Managing the Impact of Coronavirus on infrastructure PPPs

The novel coronavirus pandemic and the 40-day lockdown presents a great opportunity to induce clarity into the force majeure clause in public private partnerships (PPPs) in infrastructure.

How are private developers in typical PPP infrastructure projects affected currently?.

In general, the disruption in construction work and operations of ready infrastructure projects along with mass exodus of migrant labour will prolong the rebound to steady state by a few more months, with the lockdown extended to May 3, 2020.
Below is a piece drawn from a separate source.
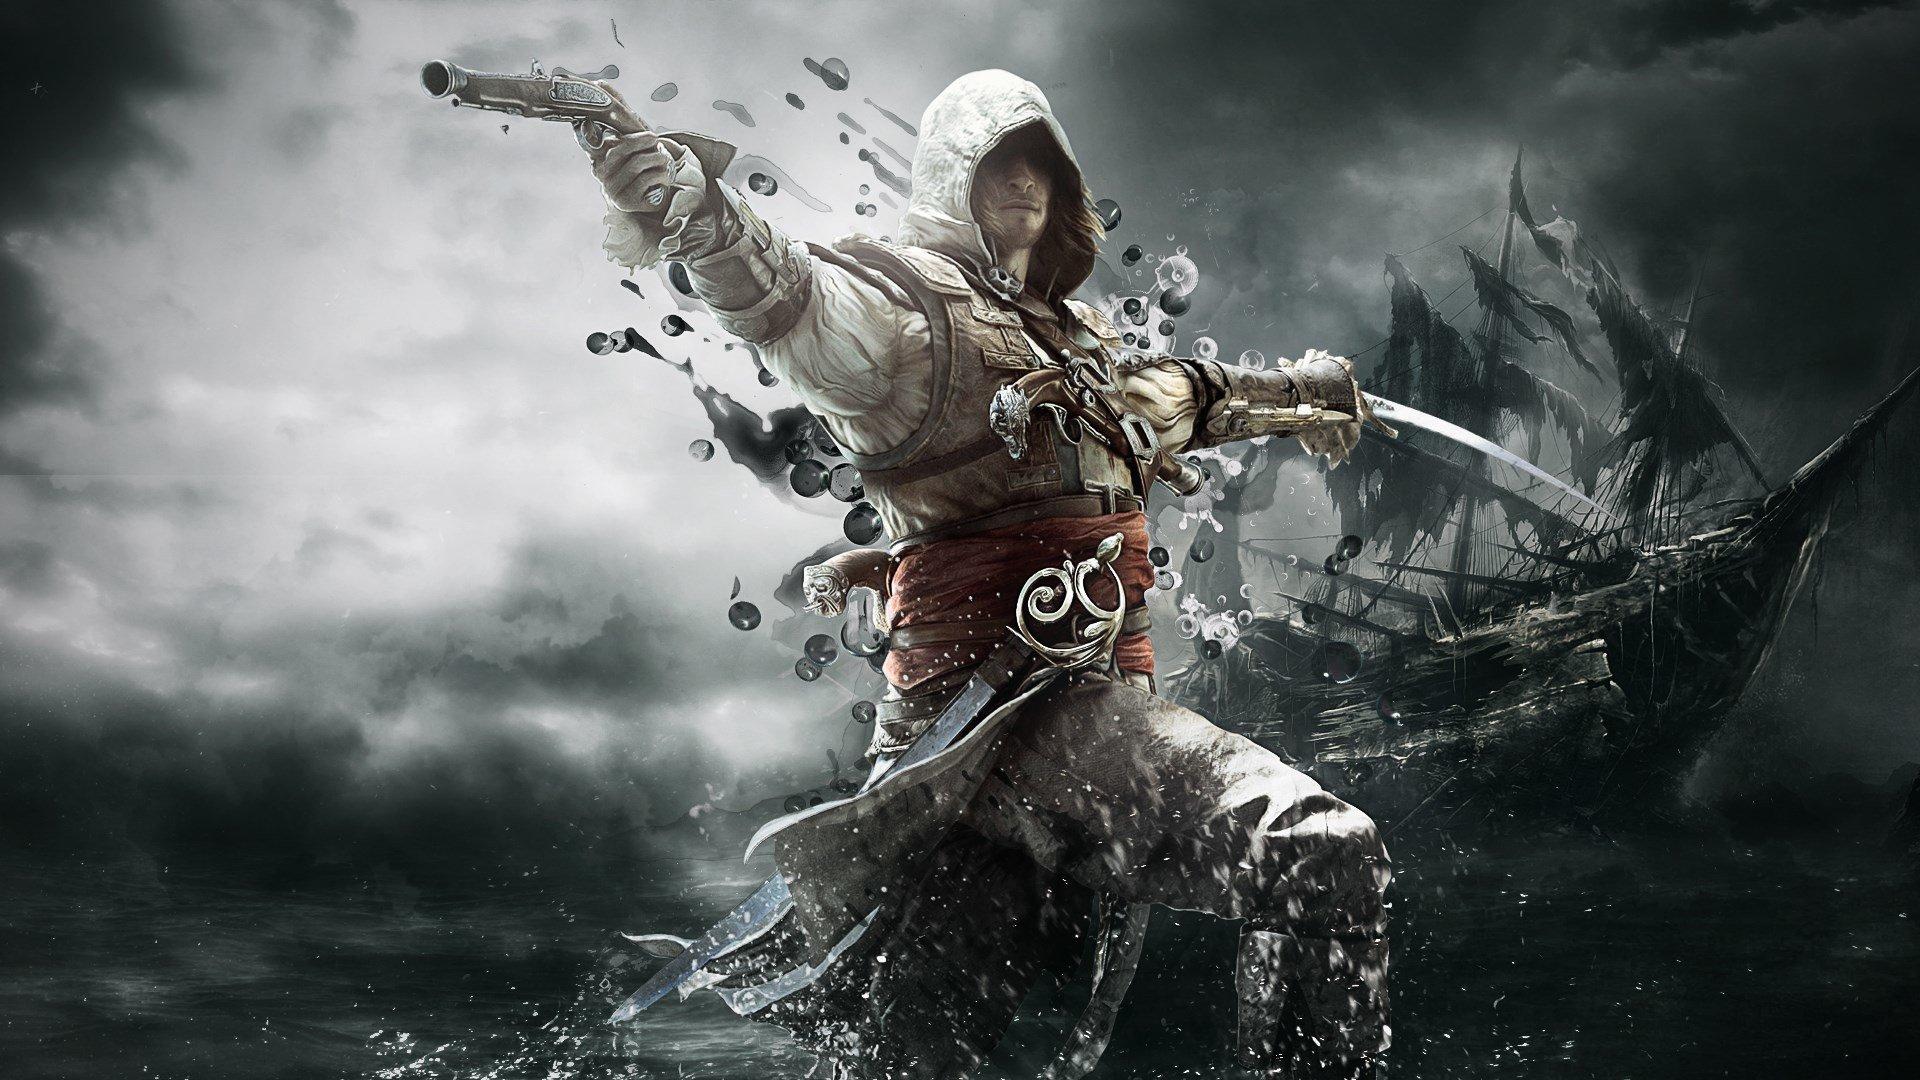 Assassin 39 s creed iv black flag full hd sfondo and sfondi for Assassin s creed sfondi

Illustratively, an operational build-operate-transfer (BOT) road project will now be facing:

1. Material loss of traffic volume, and then low traffic after the lockdown, hurting cash flows

2. Hit to maintenance activities, which will attract penalties for projects not adhering to performance-based output parameters specified in the concession agreements

3. Negative impact on project cash flows, even if moratorium on principal and interest servicing during the lockdown is opted for by the developer, as the interest accrues, thereby impacting project economics even if the concession period is extended

4. Increased financial stress if a developer has issued bonds, as the Reserve Bank of India’s measures do not allow moratorium for outstanding bond exposures

5. Change in volume and composition of traffic after lockdown, depending on extent of impact on the economy on specific road stretches, impacting project economics

In addition, BOT (annuity) toll road projects may face delays in receipts as routine/periodic maintenance activities are affected by shortage of manpower for carrying out the upkeep of these assets.

And under-construction projects will experience time and cost overruns, which will need additional debt and equity funding.

For other infrastructure sectors (such as airports), continued lockdown or delay in normalcy will impact balance sheets sans regulatory support.

What does force majeure include?

In concession agreements, force majeure is about unforeseen circumstances beyond reasonable control of the parties involved.

Compensation in the case of Covid-19 pandemic could be determined by the duration and after-effects of the lockdown such as: supply chain issues, restrictions on movement of freight and people, depressed investor sentiment, and gradual return of labour to work in construction projects.

Private developers can also claim relief under ‘change-in-law’ provision of the concession agreement, in the event that a governmental order or change in applicable law makes the contract performance unfeasible or impossible. Covid-19 has resulted in numerous governmental laws, orders, etc., which may impact contract performance, thus necessitating additional relief under such clause.

But the track record on settling this is far from satisfactory. Two steps are essential to change the paradigm:

1. Standardise force majeure clauses in PPP contracts

Central and state authorities interpret force majeure events in terms of definition and impact inconsistently. Therefore, standardising provisions in PPP contracts will help attract equity investors and lenders. Moreover, they need to clearly define processes that the balance interests and rights of all stakeholders.

Such clauses must do four things:

1. Spell out the circumstances under which private parties are granted relief

2. Define the process to be followed for timely invocation of the clause by parties by notifying the counterparty of the event’s occurrence and explaining its direct impact on contract performance

3. Define cost components such as debt servicing and operations and maintenance expenditure that private developers incur during this period that the authority will compensate and,

4. Set a predefined time limit of say, 6-12 months on a prolonged force majeure situation, after which the parties may mutually terminate the contract.

Issues relating to the post-force majeure period also needs to be factored into the clause, as the effects may continue long after the event is over.

Appoint a commission to assess lockdown impact

To be sure, the pandemic will have a prolonged impact. For example, in toll roads, traffic will remain thin much beyond the lockdown, especially on trunk routes. This will not only impact traffic at key originating points but will also feeder traffic into other regions, thus prolonging the ramp-up period to reach pre-lockdown levels of toll revenue.

Robust mathematical tools could be deployed to assess the indirect macroeconomic effects of the pandemic, which has both supply and demand-side repercussions. This should ideally be done by sector specific regulators, or in their absence, by a commission appointed to develop an effective response.

This will help define the duration of economic damage and financial support needed.

Force majeure provisions and responses are central to driving equitable risk-sharing between the public contracting authority and the private developer.

While it is reasonable for the public authority to be concerned with continuity in the provision of public service rather than terminating the PPP arrangement, spelling out provisions in the contract to set the boundaries of negotiation when such events occur is equally important.